Preliminary Program
09:00 Registration and welcome coffee
09:25 Introductory words
09:30 Hanna Kokko
Institute of Organismic and Molecular Evolution, University of Mainz (DE)
“A long life: how desirable is it, evolutionarily speaking?”
What does a theoretical biologist do? We try to understand why evolution produces so much diversity. Naively, one might think that if natural selection continually seeks out the ‘best’ solutions, by now one best-performing organism should have emerged. Instead, there is vast diversity, even for characteristics such as lifespan that appear easily arrangeable an axis from worse to better. For every superbly long-lived shark species, there are very many other species of fish that die at a much younger age. I will present two examples of our work on senescence evolution: first, an exploration of the so-called Williams hypothesis, which emphasizes the role of extrinsic (unavoidable) mortality in shaping how ‘robustly’ bodies will be built, and second, a comparative analysis on birds and mammals, showing that birds appear to senesce less than mammals do.
10:10 Francis Corson
Laboratoire de Physique de l'Ecole Normale Supérieure, Paris (FR)
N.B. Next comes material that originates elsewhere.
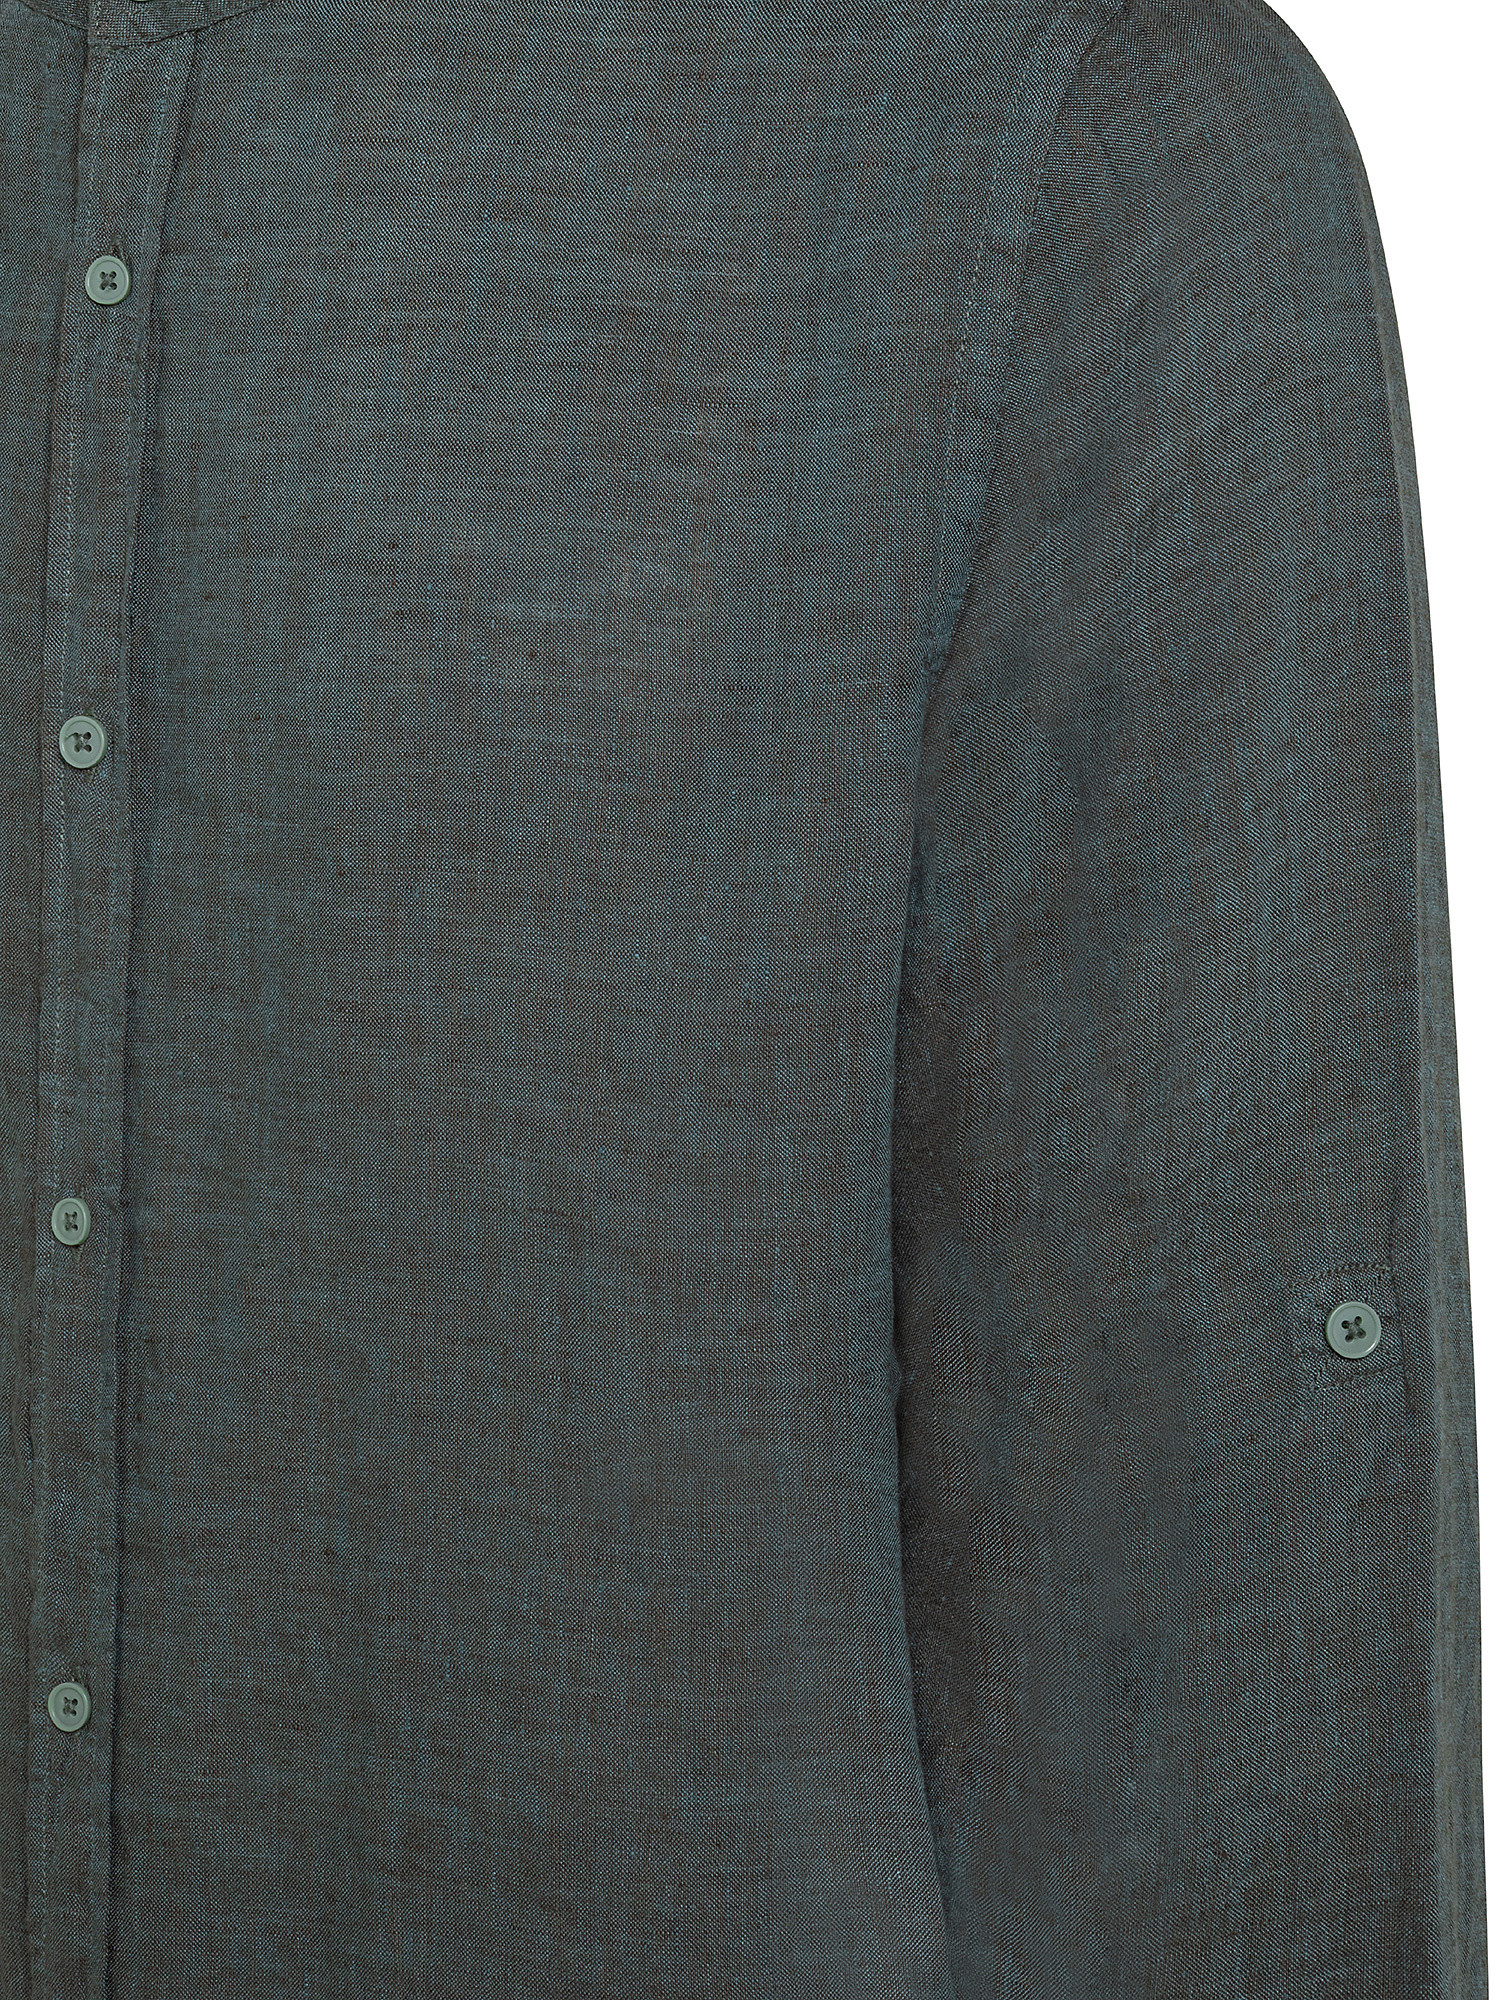 Camicia puro lino collo coreana, Verde, large

“How cells agree on making an embryo”
During development, an orderly structure progressively emerges as cells acquire more specialized identities and rearrange in space. Much is known about the relevant cellular and molecular processes, but the dynamics by which spatial patterns arise, and the underlying logic, often remain elusive. Drawing on several concrete examples, and a geometric approach to cell fate specification, in the spirit of Waddington's epigenetic landscape, I will discuss some of the ways that cell-cell interactions can support self-organization, and ask whether we should think of the form of an embryo as a consensus among its parts.
10:50 Selected speaker 1
11:15 Flip chart session 1
12:00 Lunch
13:00 Oliver Meacock
University of Sheffield (UK)
“Growth accelerations bridge the mechanistic and ecosystem scales in microbiomes”
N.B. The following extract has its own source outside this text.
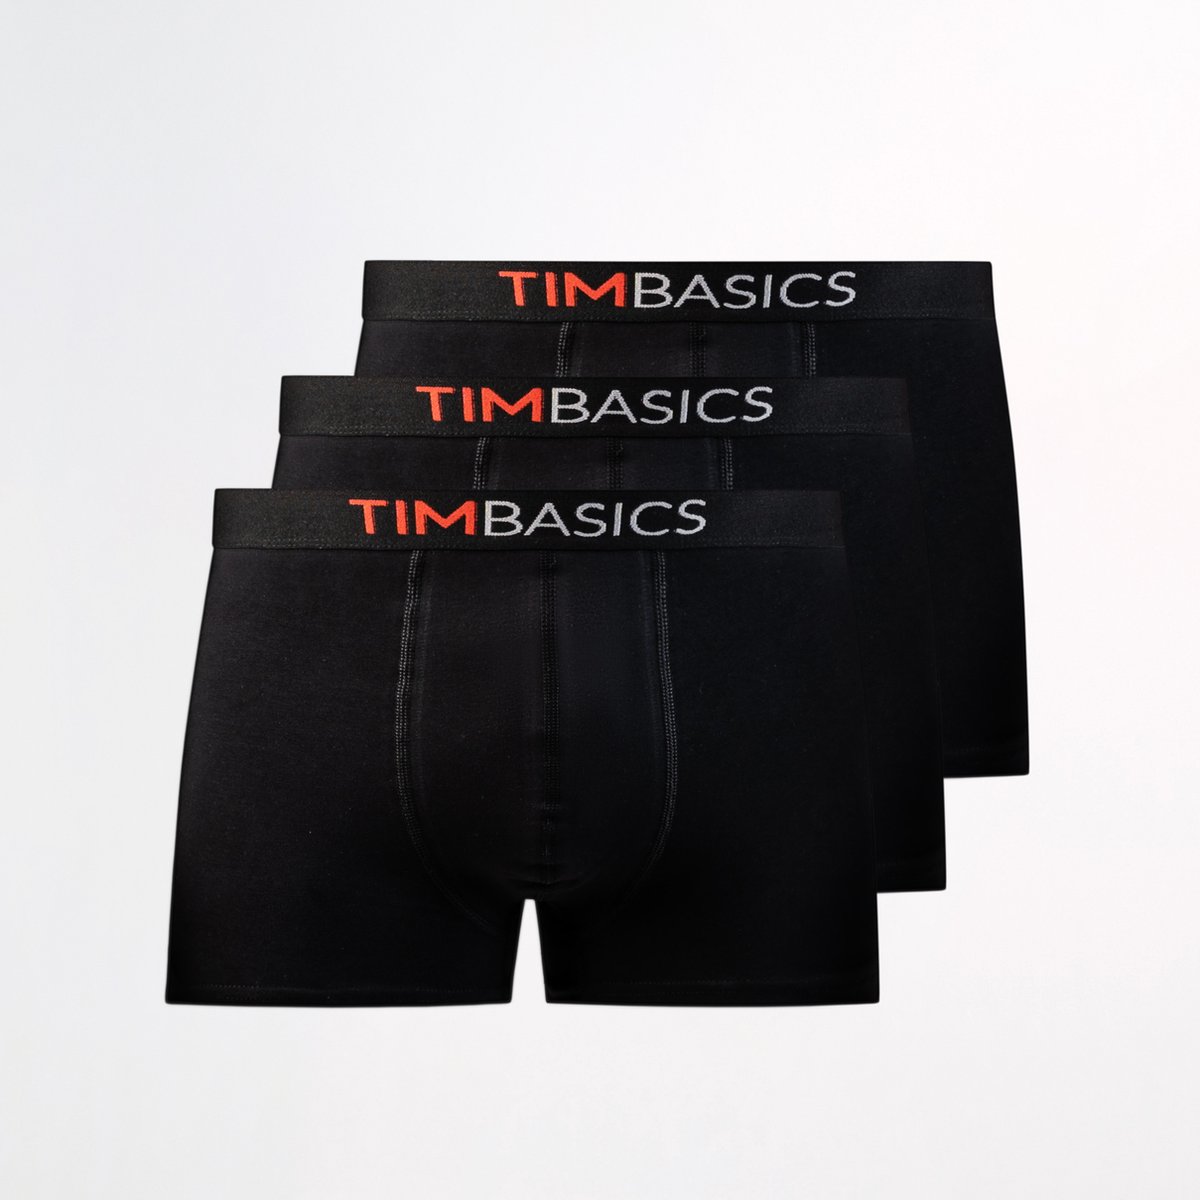 TimBasics - Heren boxershorts 3 pack - Zwart – L - Heren ondergoed

Microbiomes are ecosystems in miniature. Ecological interactions between microbial populations are generally mediated through their shared chemical environment, for example via competition for shared nutrients or exchange of secreted metabolites. Exactly how such mechanistic processes shape ecosystems is a fundamental question in theoretical ecology, yet a general solution has eluded the field since this problem was first posed over fifty years ago. I will present new results that provide a general link between the mechanistic and ecosystem perspectives by proposing that growth accelerations, rather than rates, are the quantitative basis of microbiome dynamics. Our key result is the derivation of a second-order expression that is algebraically equivalent to the generalised Lotka-Volterra (gLV) equation at equilibrium, but which is constructed out of an explicitly mechanistic description of the ecosystem. This result allows us to apply a large suite of techniques developed to study the gLV equation to mechanistic ecosystem models. Finally, I will show how this result can resolve the apparent contradictory results of theoretical studies, which suggest that cooperation is destabilising, with the widespread observation of cooperative mechanisms in natural microbiomes. Our framework thus provides a flexible bridge between abstract theory and mechanistic reality.
13:40 Gasper Tkacik
Institute of Science and Technology Austria (AT)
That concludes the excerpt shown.